**TRY IT:** Using the data beneath this instruction, retype only the lines from the one that contains "PUMA Leather X" down to the one that contains "Fallen Brothers 911", both included, exactly as they appear.

[[ THE RECORDS open ]]

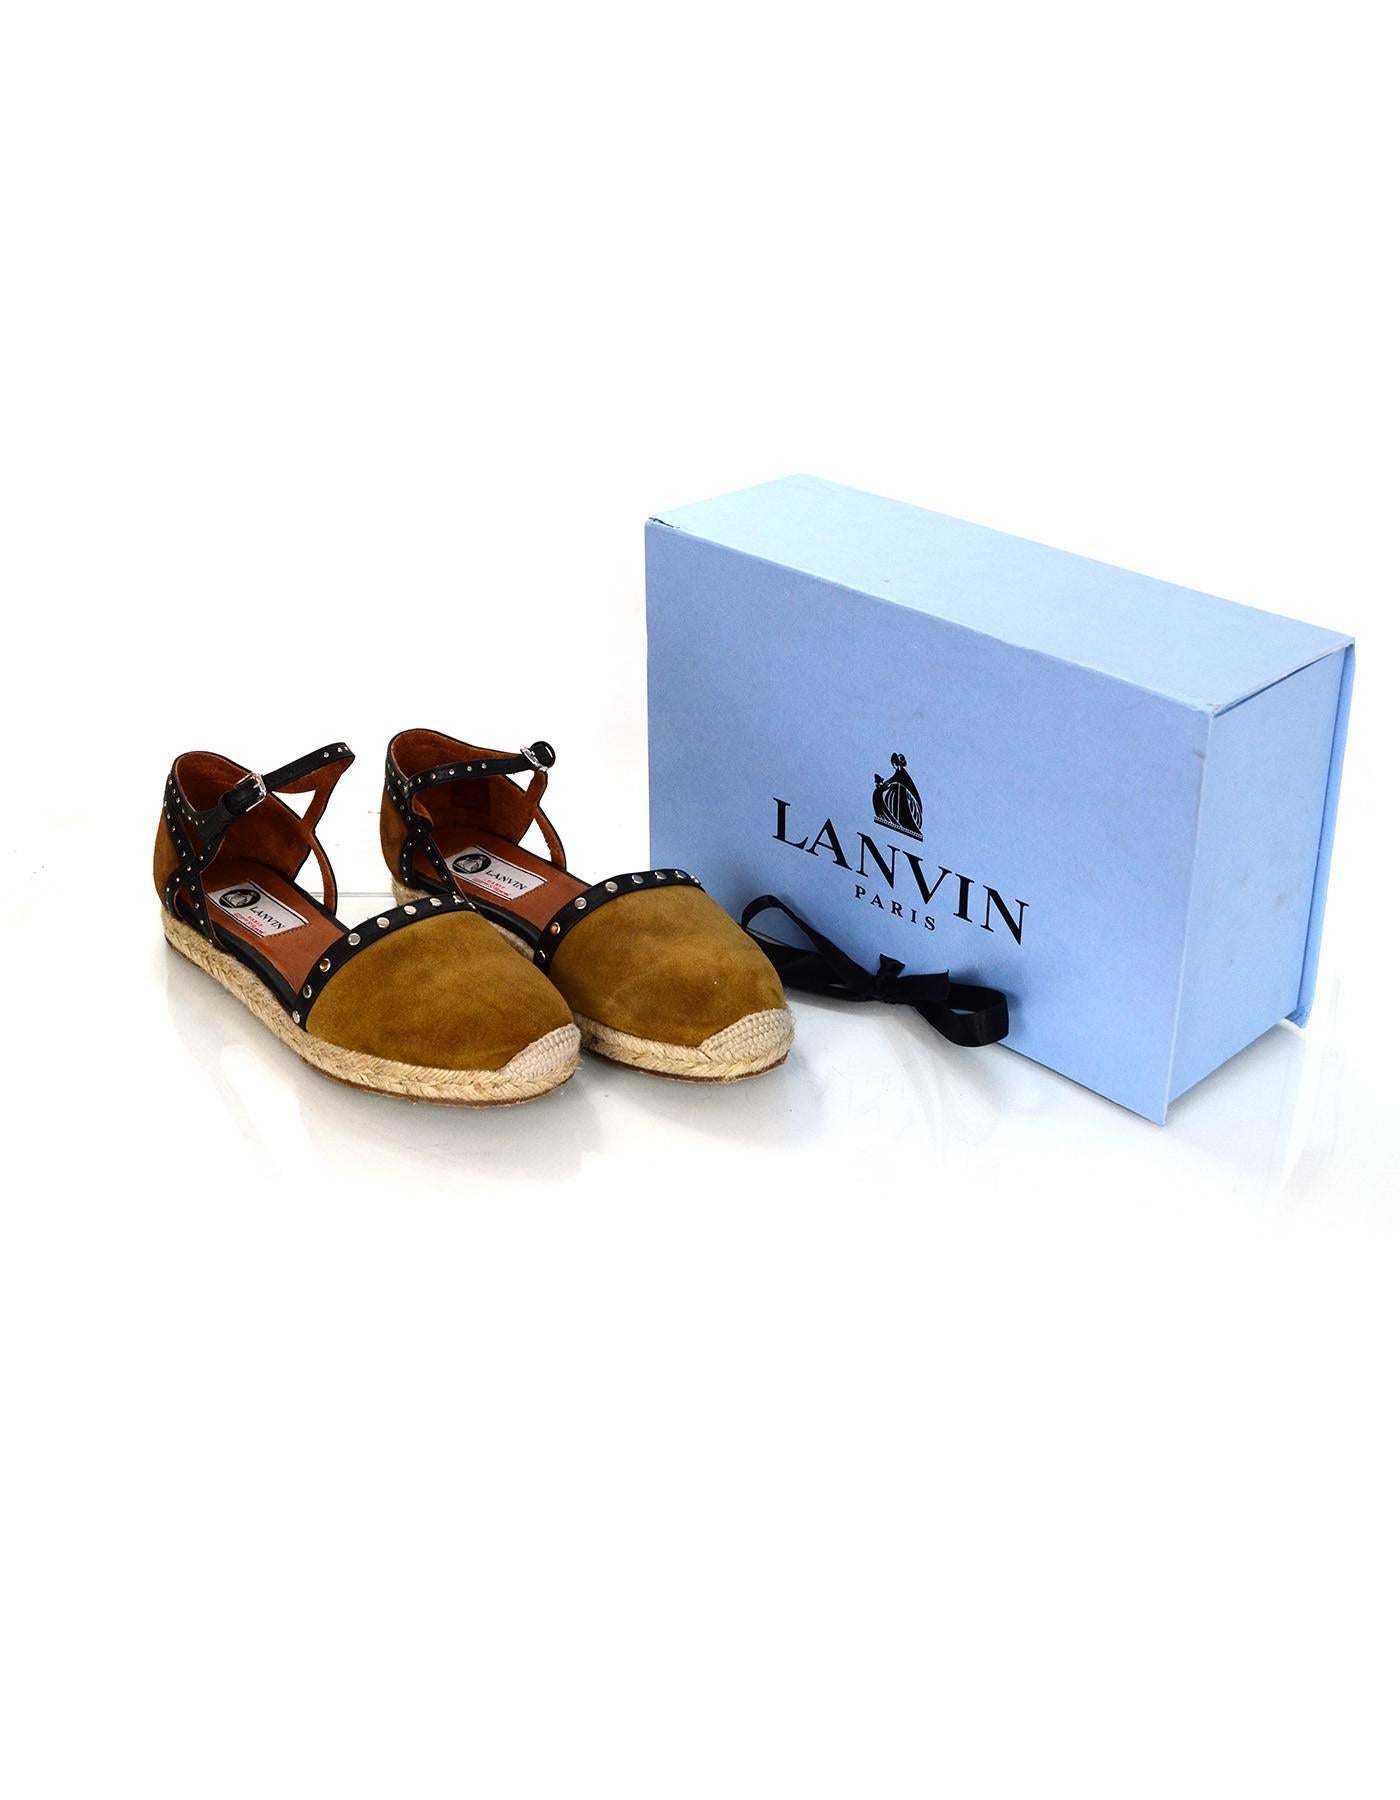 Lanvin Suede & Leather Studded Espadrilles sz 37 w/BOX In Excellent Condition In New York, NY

[[ THE RECORDS closed ]]
[[ THE RECORDS open ]]

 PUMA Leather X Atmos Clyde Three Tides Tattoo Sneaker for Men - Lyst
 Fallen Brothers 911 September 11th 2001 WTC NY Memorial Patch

[[ THE RECORDS closed ]]
[[ THE RECORDS open ]]

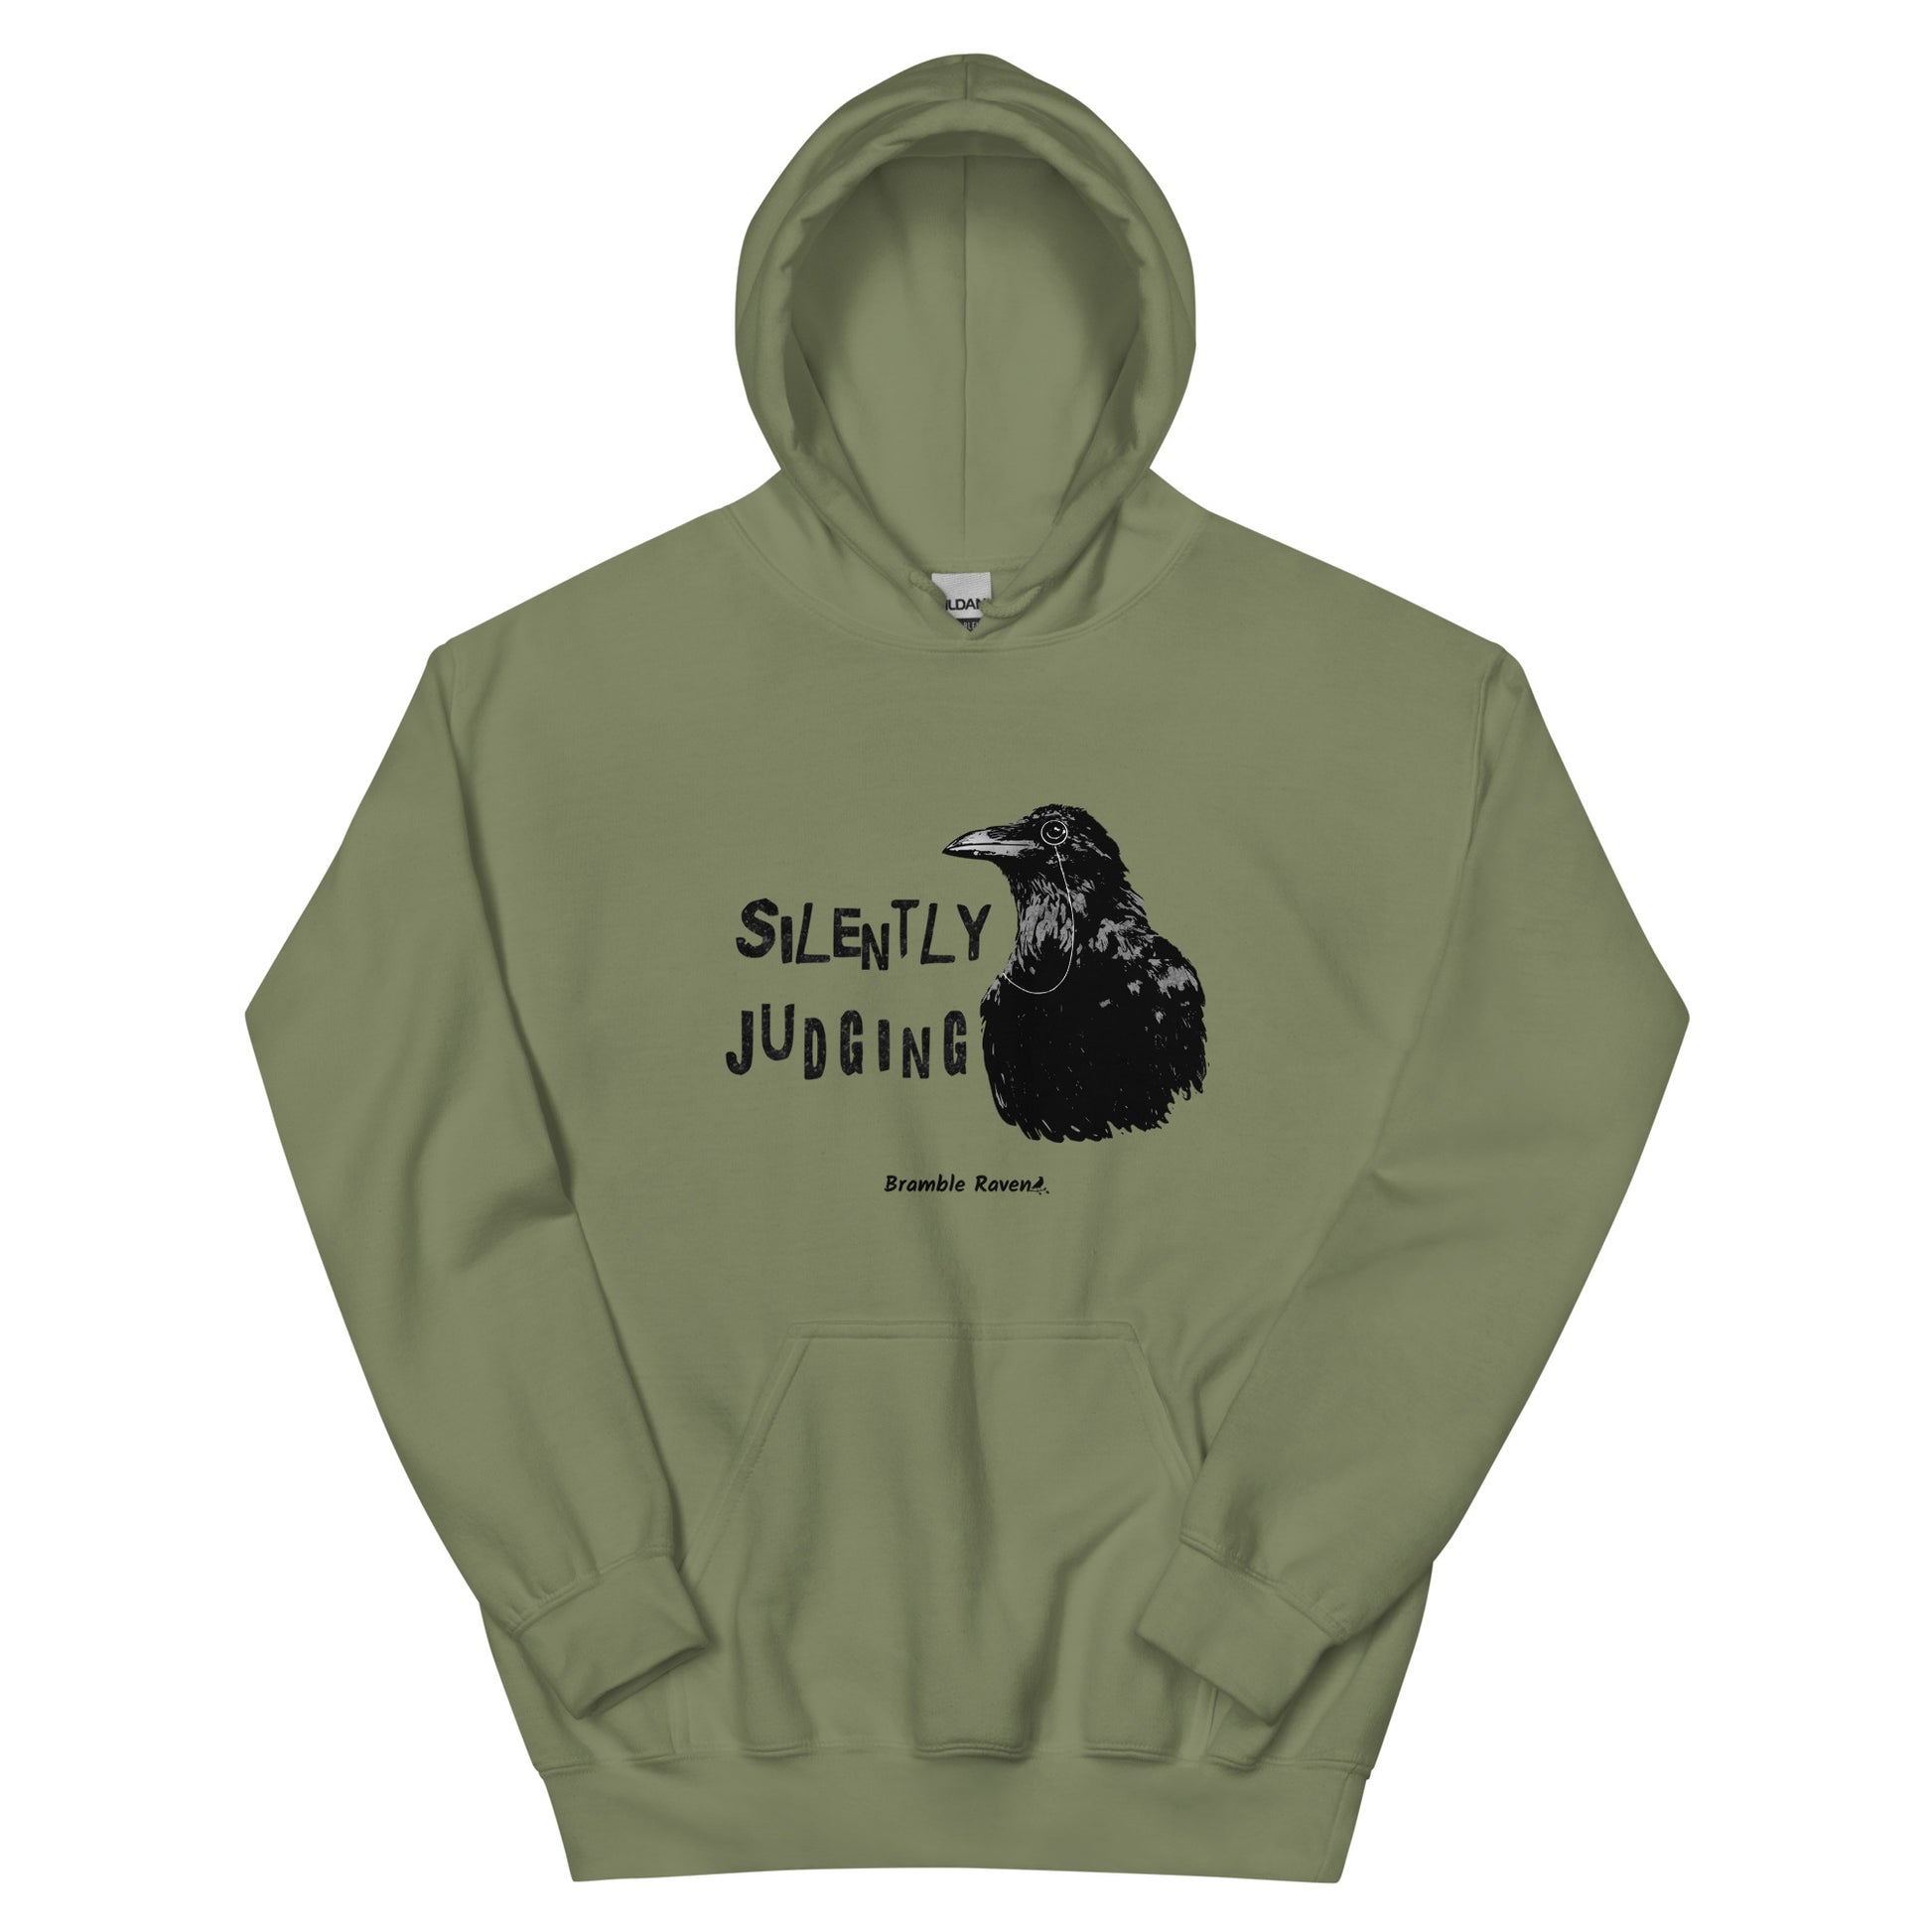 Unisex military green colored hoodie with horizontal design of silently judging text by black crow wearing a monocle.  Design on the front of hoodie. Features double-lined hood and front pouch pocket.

[[ THE RECORDS closed ]]

**REPLY:**
 PUMA Leather X Atmos Clyde Three Tides Tattoo Sneaker for Men - Lyst
 Fallen Brothers 911 September 11th 2001 WTC NY Memorial Patch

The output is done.